*Work item*. Repeat all of the data word for word so that only the pictures are missing from the copy.

** Data extract follows **

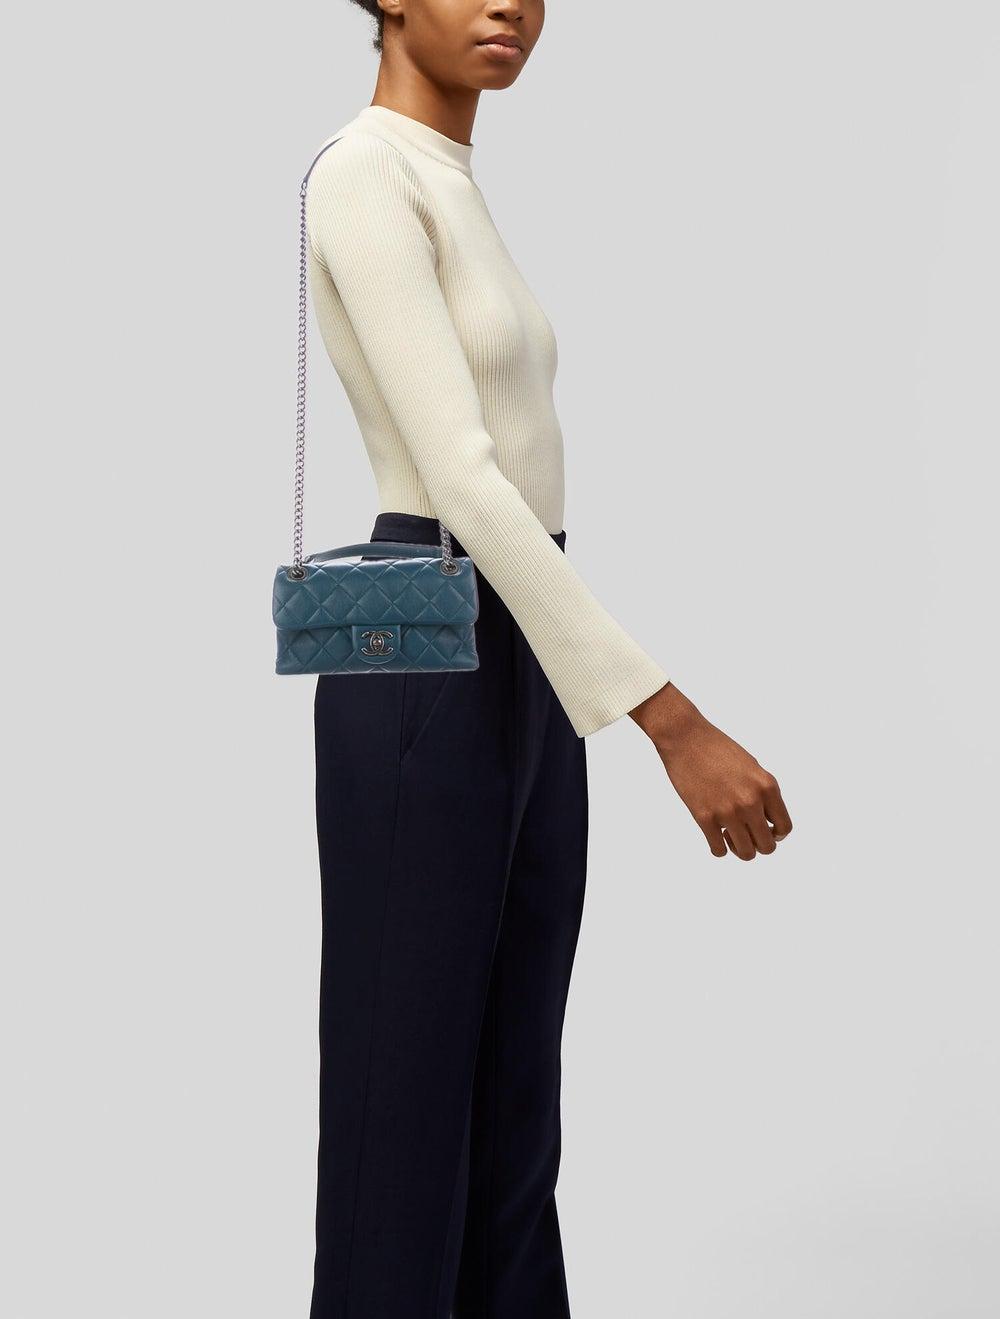 Chanel Small Burgundy Rocks Flap Bag Blue - image 2
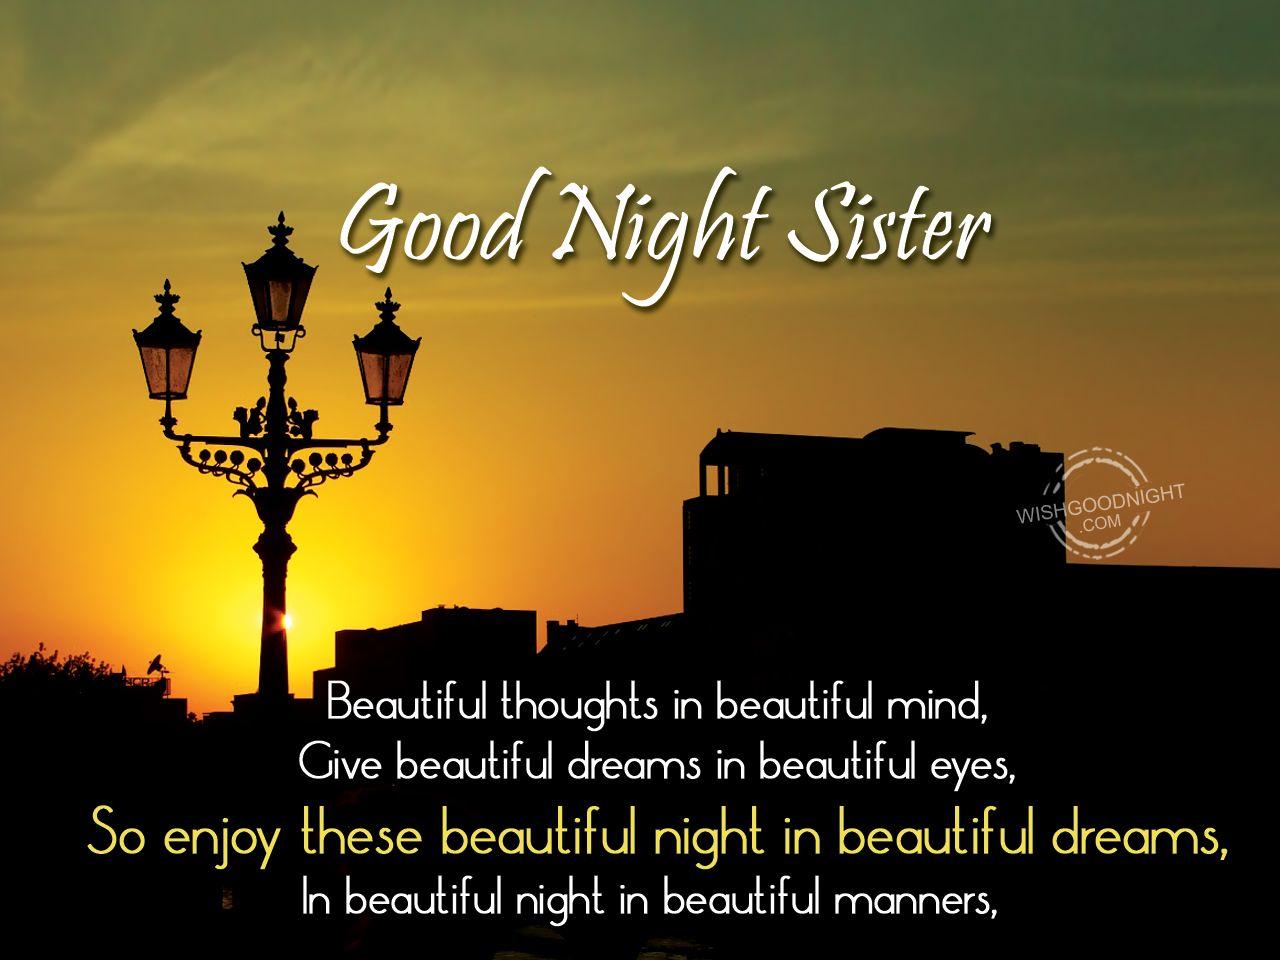 Good Night Sister Images Good Night Good Night Good Night Image
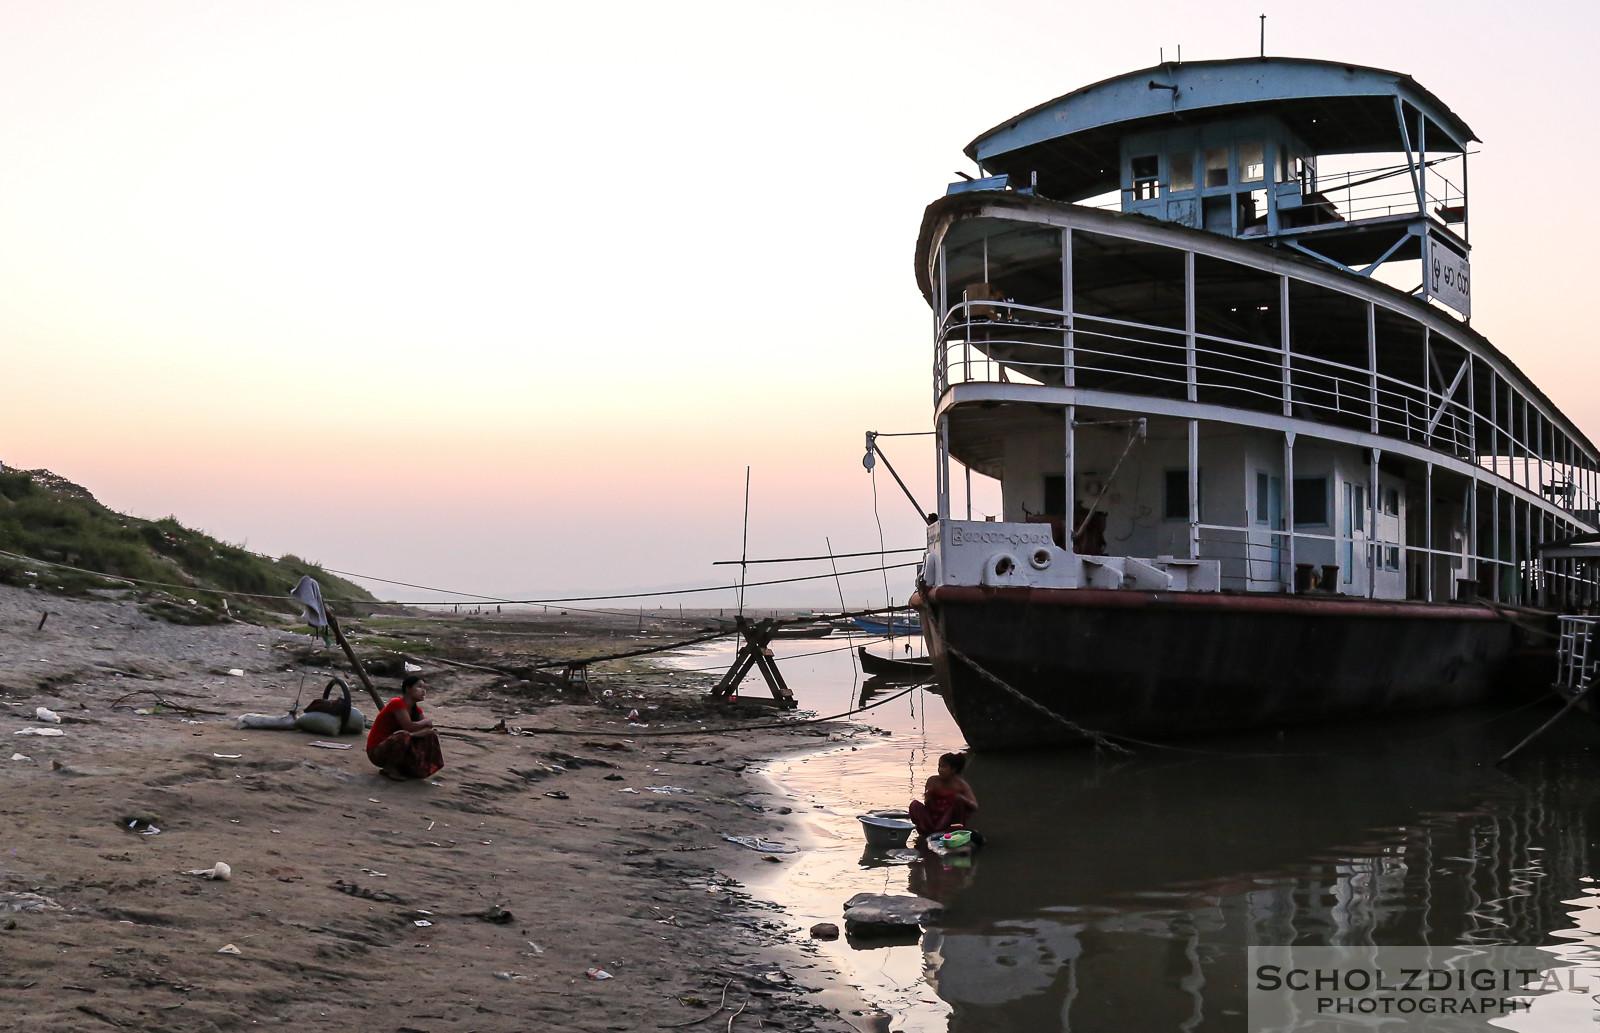 Asia, Ayeyarwady, Bagan, Birma, Burma, Exploring, globetrotter, Irrawaddy, Mandala, Mandalay, Myanmar, Southeastasia, Streetphotography, travel, Travelling, travelphotography, Wanderlust

** End of Data extract **

*Completed task*.
 Chanel Small Burgundy Rocks Flap Bag Blue - image 2
 Good Night Sister Images Good Night Good Night Good Night Image
 Asia, Ayeyarwady, Bagan, Birma, Burma, Exploring, globetrotter, Irrawaddy, Mandala, Mandalay, Myanmar, Southeastasia, Streetphotography, travel, Travelling, travelphotography, Wanderlust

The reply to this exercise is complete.